Ora nei rapporti tra le forze politiche mentre il Partito Democratico convincerà ad horas
e senza troppa difficoltà il Movimento 5 Stelle ad attingere alle risorse del MES,
viceversa i 5 Stelle sapranno convincere il Partito Democratico della necessità di
rinunciare a questo progetto? Allora se uno spazio di rivalutazione politica esiste è bene
che avvenga nella complessità delle questioni aperte tra Italia e Francia, complessità che
non è fatta solo di treni ma anche di reti di comunicazione, com’è emerso da un
successivo pronunciamento dalla Corte di Strasburgo in merito all’inapplicabilità della
legge Gasparri sul caso Vivendi. Sarebbe alquanto imbarazzante, ad esempio, che un
Premier olandese quando emergeranno le condizionalità postdatate del MES si
(incomprensibile) indignati al solito sovvertimento delle regole, facesse notare che esse
sono necessarie e doverose, considerato che si sono buttati in un tombino soldi europei
per un tunnel giudicato obsoleto. Abbiamo voluto fare a meno di queste considerazioni,
ma un ordine del giorno che si rivolge in modo “blando”, potremmo dire “anodino” al
Governo, richiama necessariamente scenari nazionali ed europei, piaccia ai Consiglieri
o non piaccia.

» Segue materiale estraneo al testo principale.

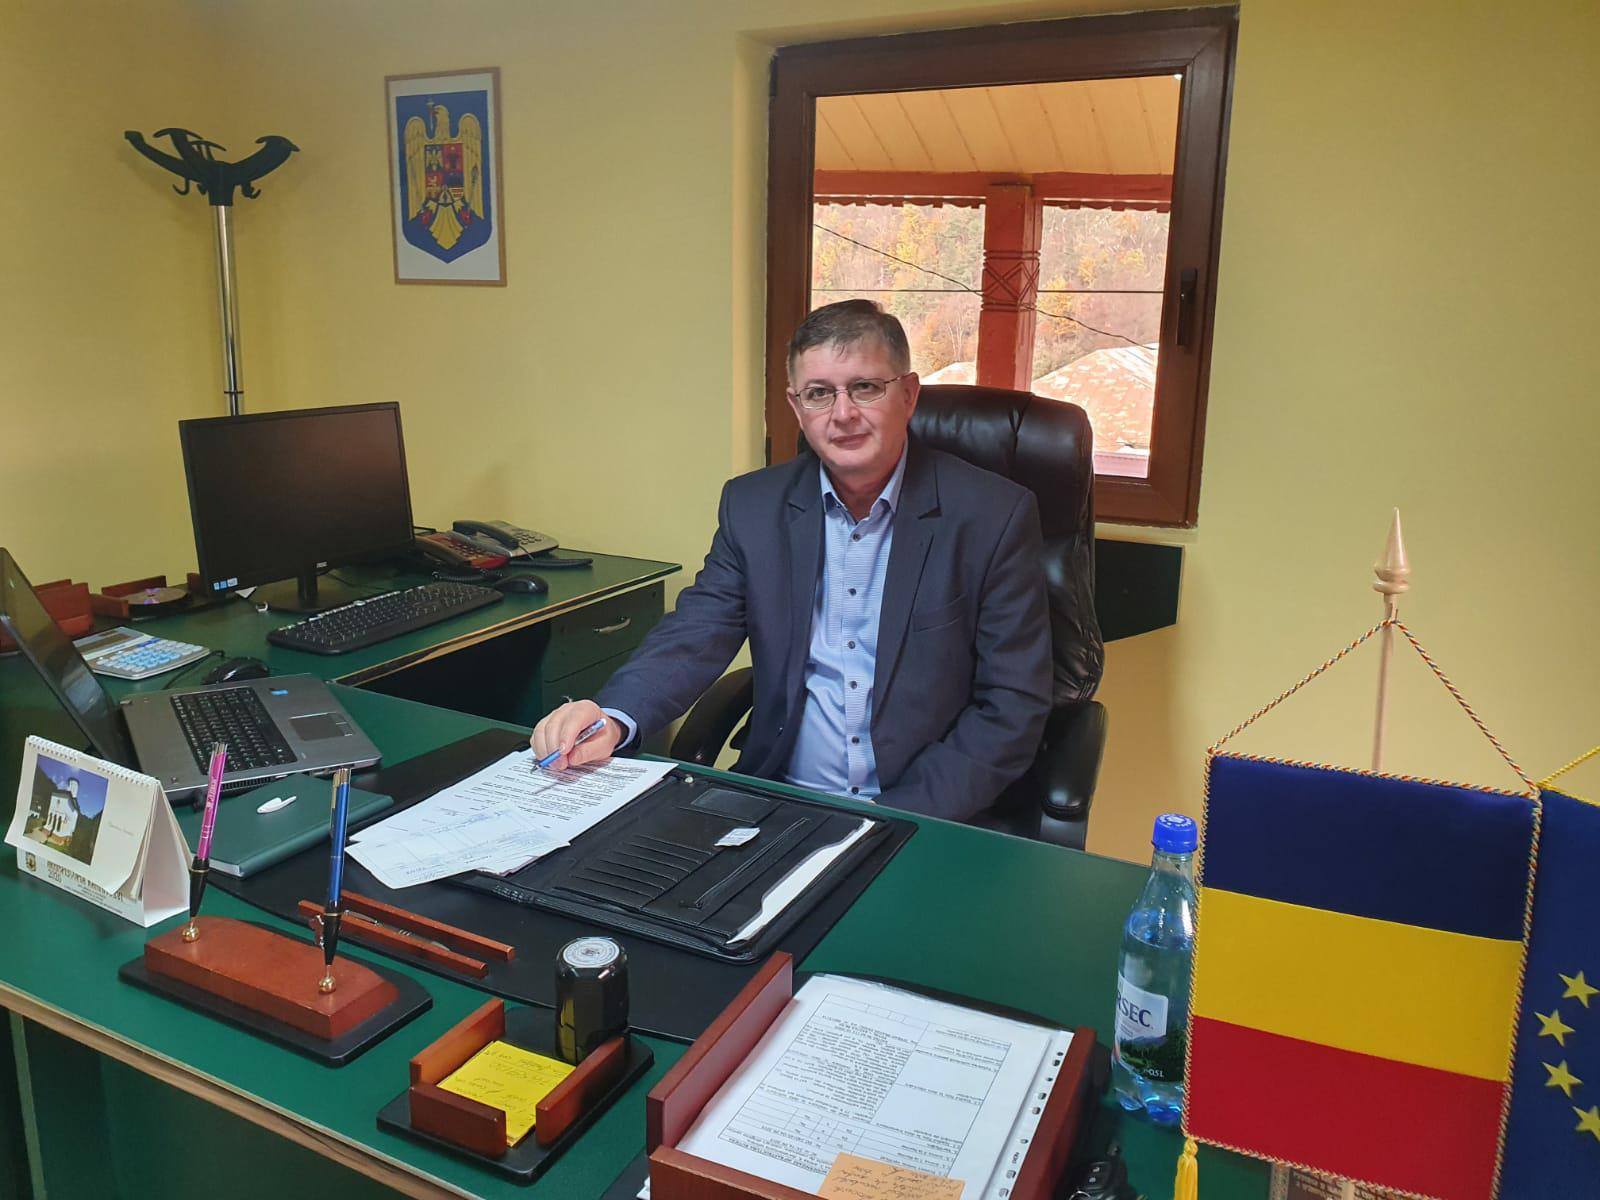 La Mălaia, administraţia locală acordă prioritate învăţământului şi culturii

Infine, avendo già votato un documento che, secondo me, era più che
sufficiente a dare il pronunciamento del Consiglio Comunale di Torino, voterà anche
stavolta favorevolmente a questi ulteriori atti pur considerandoli meramente
compassionevoli e anche facilmente aggirabili attraverso accordi sovracomunali, penso
ad esempio alle Regioni, soprattutto di poter ora rammaricandomi delle occasioni perse
e in fondo della scarsa convinzione se non di facciata che la Sindaca e la Maggioranza
hanno esibito durante la Consiliatura, dentro e fuori da quest’Aula, e che il ritardo con
cui si votano questi atti non fa che confermare. Per quanto poi riguarda la mozione che
invita attraverso un’arzigogolata “impegna” l’Amministrazione a sottoscrivere un
documento comune con il Sindaco della Città di Lione, cito testualmente: “Per arrivare
alla sottoscrizione di un documento comune da estendere possibilmente nella Città di
Grenoble con cui esercitare a ogni livello una pressione politica che con la presenza di
due città come Lione e Torino” - e risparmio il seguito - non si può non ripetere ancora
una volta come una sì fatta tardiva iniziativa, anche rispetto alla tempistica delle
dichiarazioni dei Sindaci d’Oltralpe da poco eletti, da parte di un’Amministrazione in
scadenza, fa tanto buon vicinato ma è difficile che possa avere esiti concreti…

POLLICINO Marina
Ho concluso. In altri termini, fa fine “l’impegna” ma non impegna. Grazie.